Justice Thomas demonstrates why Justice Scalia erred in his letter to Tillman.
[This post is co-authored with Professor Seth Barrett Tillman.]
In Trump v. United States (July 1, 2024), Justice Thomas wrote a concurrence that opined on the constitutionality of the Special Counsel's appointment.
The Constitution's Appointments Clause provides:
[The President] shall nominate, and by and with the Advice and Consent of the Senate, shall appoint Ambassadors, other public Ministers and Consuls, Judges of the supreme Court, and all other Officers of the United States, whose Appointments are not herein otherwise provided for, and which shall be established by Law: but the Congress may by Law vest the Appointment of such inferior Officers, as they think proper, in the President alone, in the Courts of Law, or in the Heads of Departments.
Justice Thomas made several observations about the Appointments Clause.
First, Justice Thomas wrote:
Before the President or a Department Head can appoint any officer, however, the Constitution requires that the underlying office be "established by Law." [FN1]
[FN1] Although a Government official may also be a "nonofficer employe[e]," I set aside that category because it is difficult to see how an official exercising the Department of Justice's duties to enforce the criminal law by leading a prosecution could be anything but an officer.

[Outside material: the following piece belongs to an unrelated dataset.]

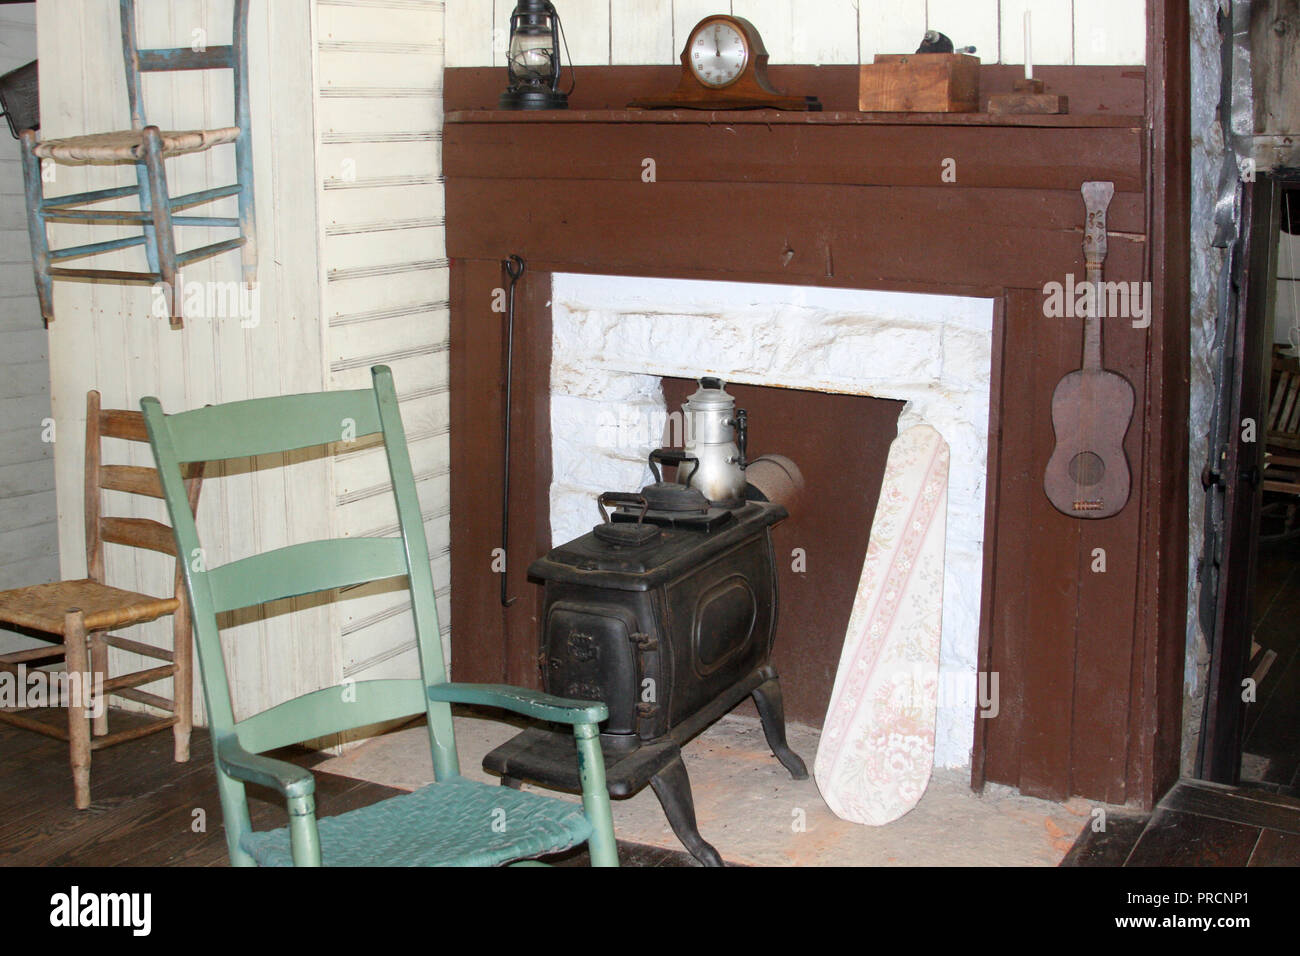 Simple room with wood stove in historical mountain house in Virginia's Blue Ridge Parkway. Johnson Farm, 1930. Stock Photo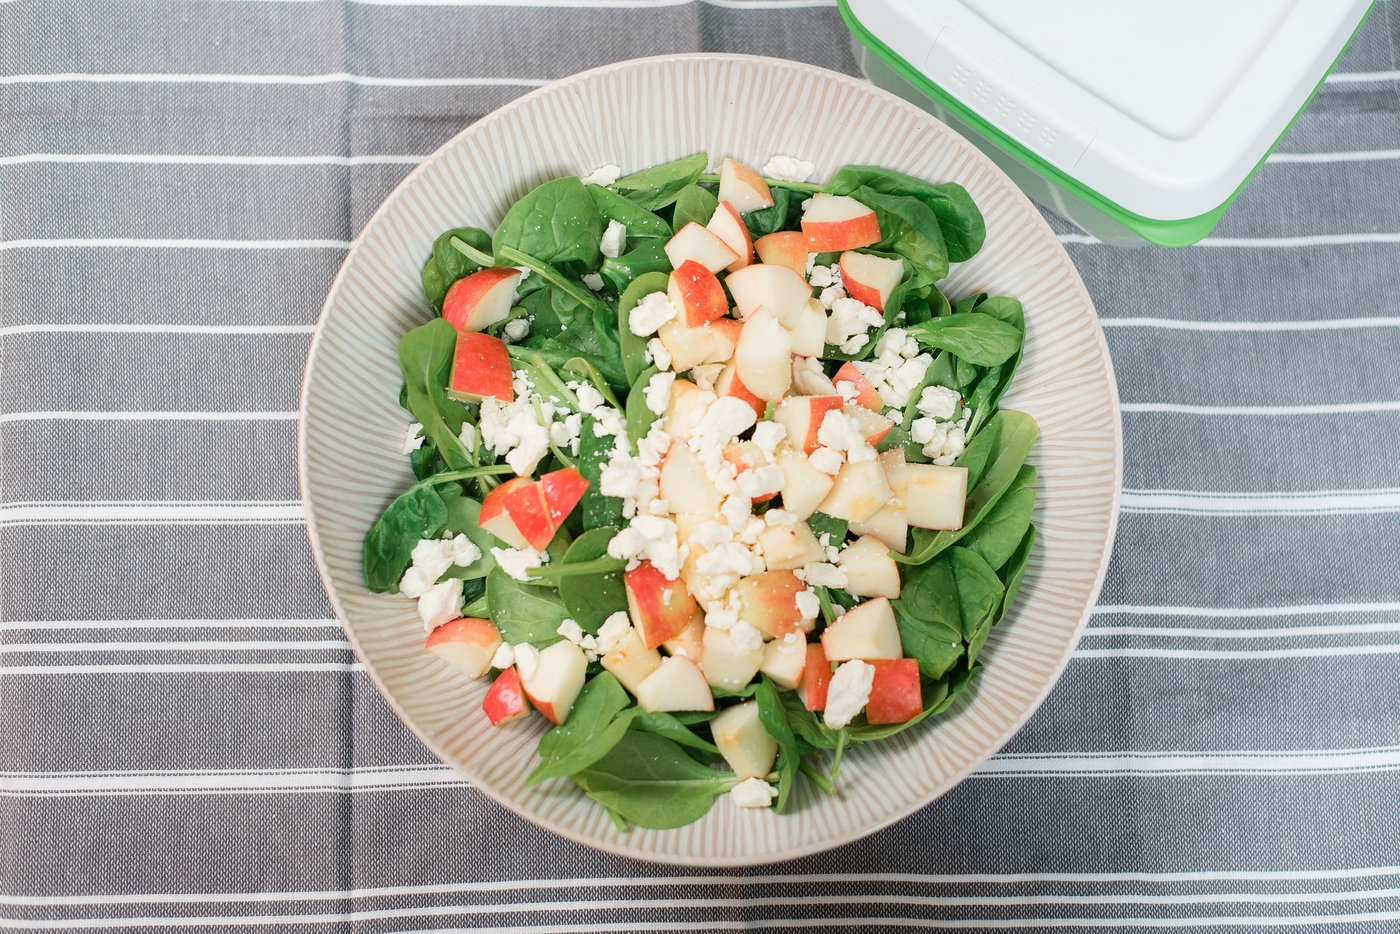 Green Apple And Spinach Salad by Alabama Health + Food blogger, Heather Brown // My Life Well Loved

Lucia v. SEC (2018) (Thomas, J., concurring); see SW General (opinion of Thomas, J.). If the Special Counsel were a nonofficer employee, the constitutional problems with this prosecution would only be more serious. For now, I assume without deciding that the Special Counsel is an officer. [slip op. at 3.]
It is indeed quite problematic for a "nonofficer employee" to exercise the powers of an "Officer of the United States" who can lead a criminal prosecution. The Special Counsel, for example, is granted the powers of a United States Attorney. If the Special Counsel is merely a "nonofficer employee" exercising the powers of an "Officer of the United States," then the associated "constitutional problems" are, indeed, "serious."
We appreciate that Justice Thomas only "assumed without deciding" that the "Special Counsel is an officer" of the United States, and not a "nonofficer employee." But there is an argument that the Special Counsel, which is a non-continuous position, cannot be an officer at all. We have raised that argument in an amicus brief before the U.S. District Court for the Southern District of Florida. Blackman also presented oral argument on this issue on June 21, 2024.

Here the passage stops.